Findings: Two CPU load generation processes were executed via SSM RunCommand, reaching 100% CPU on t3.micro. CPU credit exhaustion triggered surplus credit mode.
Root Cause: Intentional load testing or experimentation.
The summary was in Markdown format with a Symptoms → Findings → Root Cause hierarchy. This investigation summary was about 2,100 characters (~3.6KB in UTF-8), well within the SNS 256KB limit.
The notification contained enough information to understand "what happened" (Symptoms) and "why" (Findings + Root Cause) without opening the Operator Access.
Summary
We verified DevOps Agent's EventBridge integration and built a pipeline from investigation completion to summary notification.
- Event structure — Events fire in Created → In Progress → Completed order following the Investigation lifecycle.
summary_record_idis only present in the Completed event - CloudTrail event contamination —
source: aws.aidevopsincludes CloudTrail API Call events. Notification pipelines must explicitly filter bydetail-type - Notification practicality — Summaries follow a Symptoms → Findings → Root Cause hierarchy, providing enough context for situation assessment and next-action decisions. This summary was ~3.6KB, well within the SNS 256KB limit
- Implementation gotchas — The IAM action service prefix is
aidevops(notdevops-agent). Lambda managed runtime boto3 lacks the devops-agent service model, requiring bundled boto3 withPYTHONPATH=/var/taskto take priority
This series has covered incident investigation (Part 1), Skills (Part 2), Prevention (Part 3), and EventBridge integration in this article. Together, they cover the workflow for incorporating DevOps Agent into operations: investigation → quality improvement → prevention → notification.
Cleanup
Cleanup
REGION=ap-northeast-1
ACCOUNT_ID=$(aws sts get-caller-identity --query Account --output text)
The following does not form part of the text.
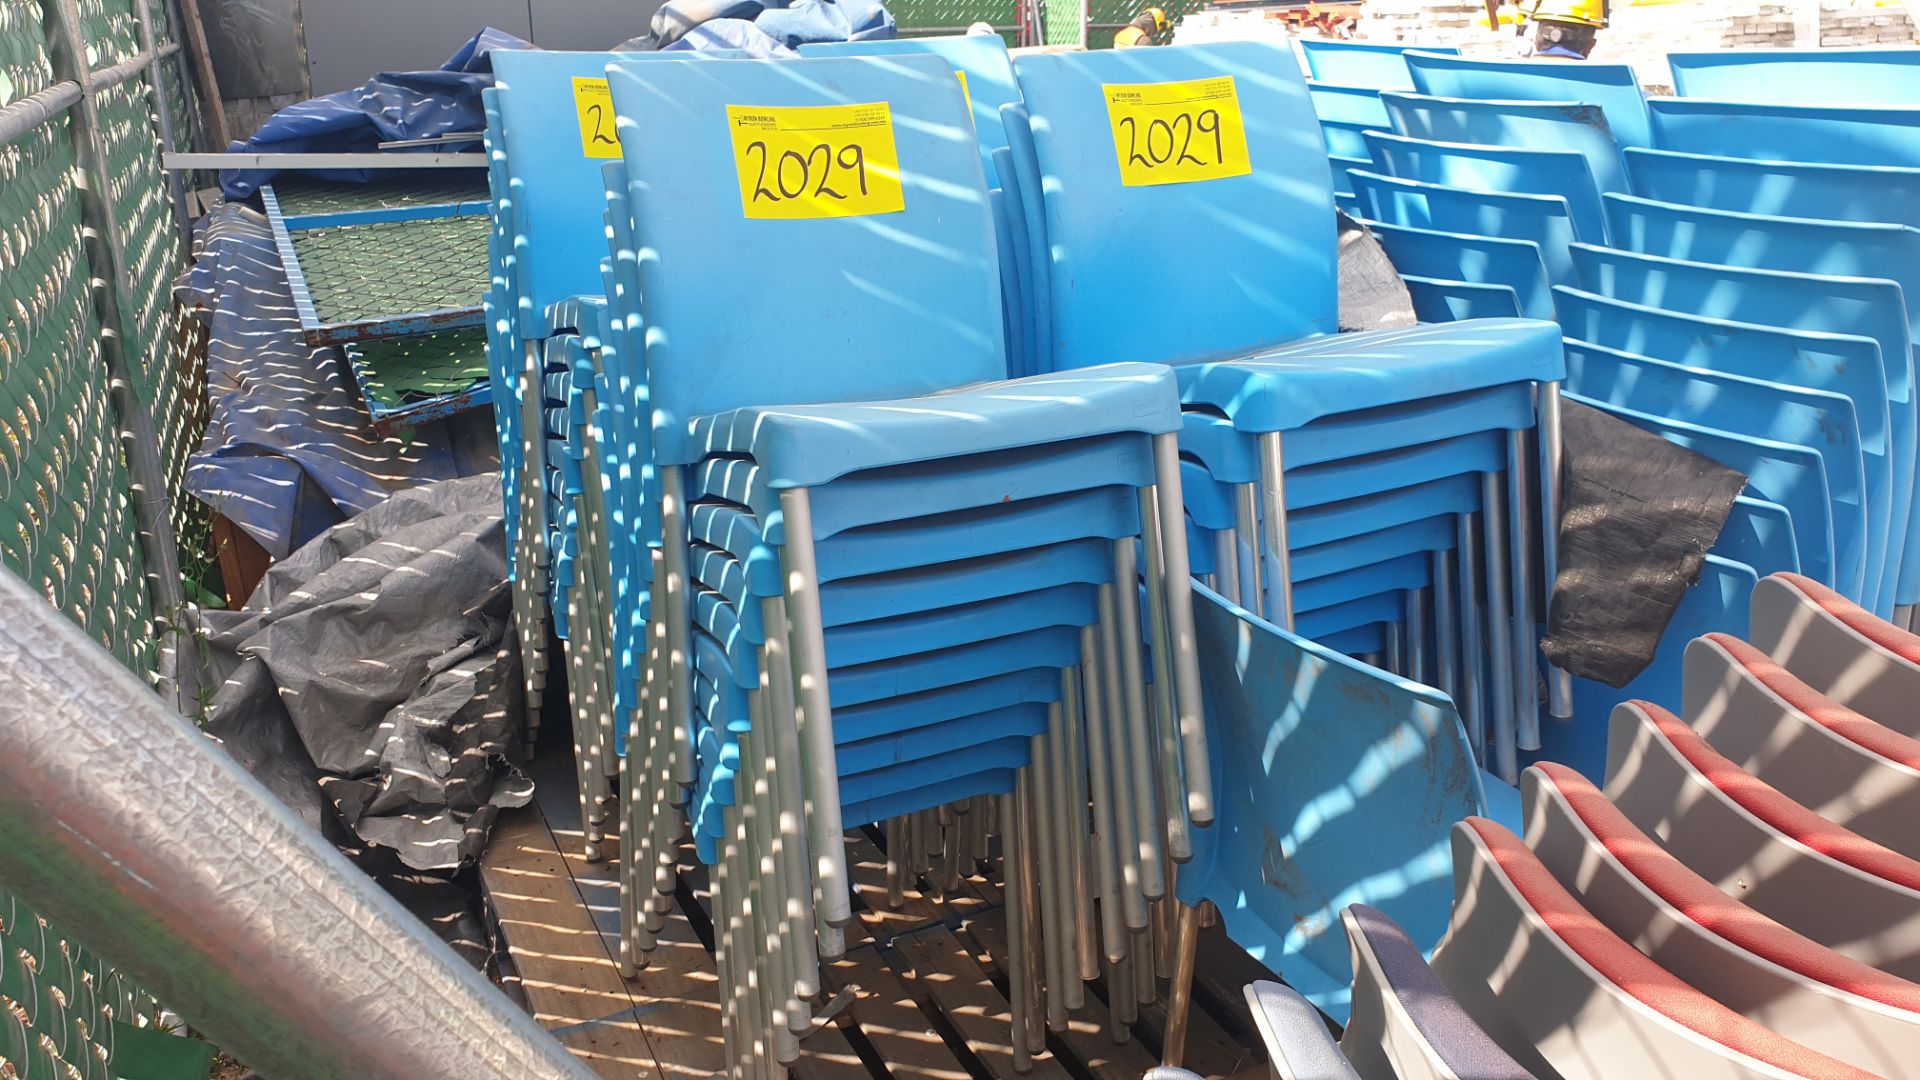 1 Lote of 40 blue plastic chairs, 7 metal chairs for office with backrest and upholstered seat - Bild 17 aus 22

# Delete EventBridge rules
aws events remove-targets --rule devops-agent-investigation-completed \
--ids lambda --region $REGION
aws events delete-rule --name devops-agent-investigation-completed --region $REGION
aws events remove-targets --rule devops-agent-all-events \
--ids cwlogs --region $REGION
aws events delete-rule --name devops-agent-all-events --region $REGION
# Delete Lambda function
aws lambda delete-function --function-name devops-agent-notification --region $REGION
# Delete IAM role
aws iam delete-role-policy --role-name DevOpsAgentEventBridgeLambdaRole \
--policy-name DevOpsAgentSNSAccess
aws iam detach-role-policy --role-name DevOpsAgentEventBridgeLambdaRole \
--policy-arn arn:aws:iam::aws:policy/service-role/AWSLambdaBasicExecutionRole
aws iam delete-role --role-name DevOpsAgentEventBridgeLambdaRole
# Delete SNS topic
aws sns delete-topic \
--topic-arn "arn:aws:sns:${REGION}:${ACCOUNT_ID}:devops-agent-notifications" \
--region $REGION
# Delete CloudWatch Logs
aws logs delete-log-group --log-group-name /aws/events/devops-agent --region $REGION
aws logs delete-resource-policy --policy-name EventBridgeToDevOpsAgentLogs --region $REGION
# Delete Lambda logs
aws logs delete-log-group \
--log-group-name /aws/lambda/devops-agent-notification --region $REGIONIf all series verification is complete, also delete the Agent Space and IAM roles following the cleanup steps in Part 1.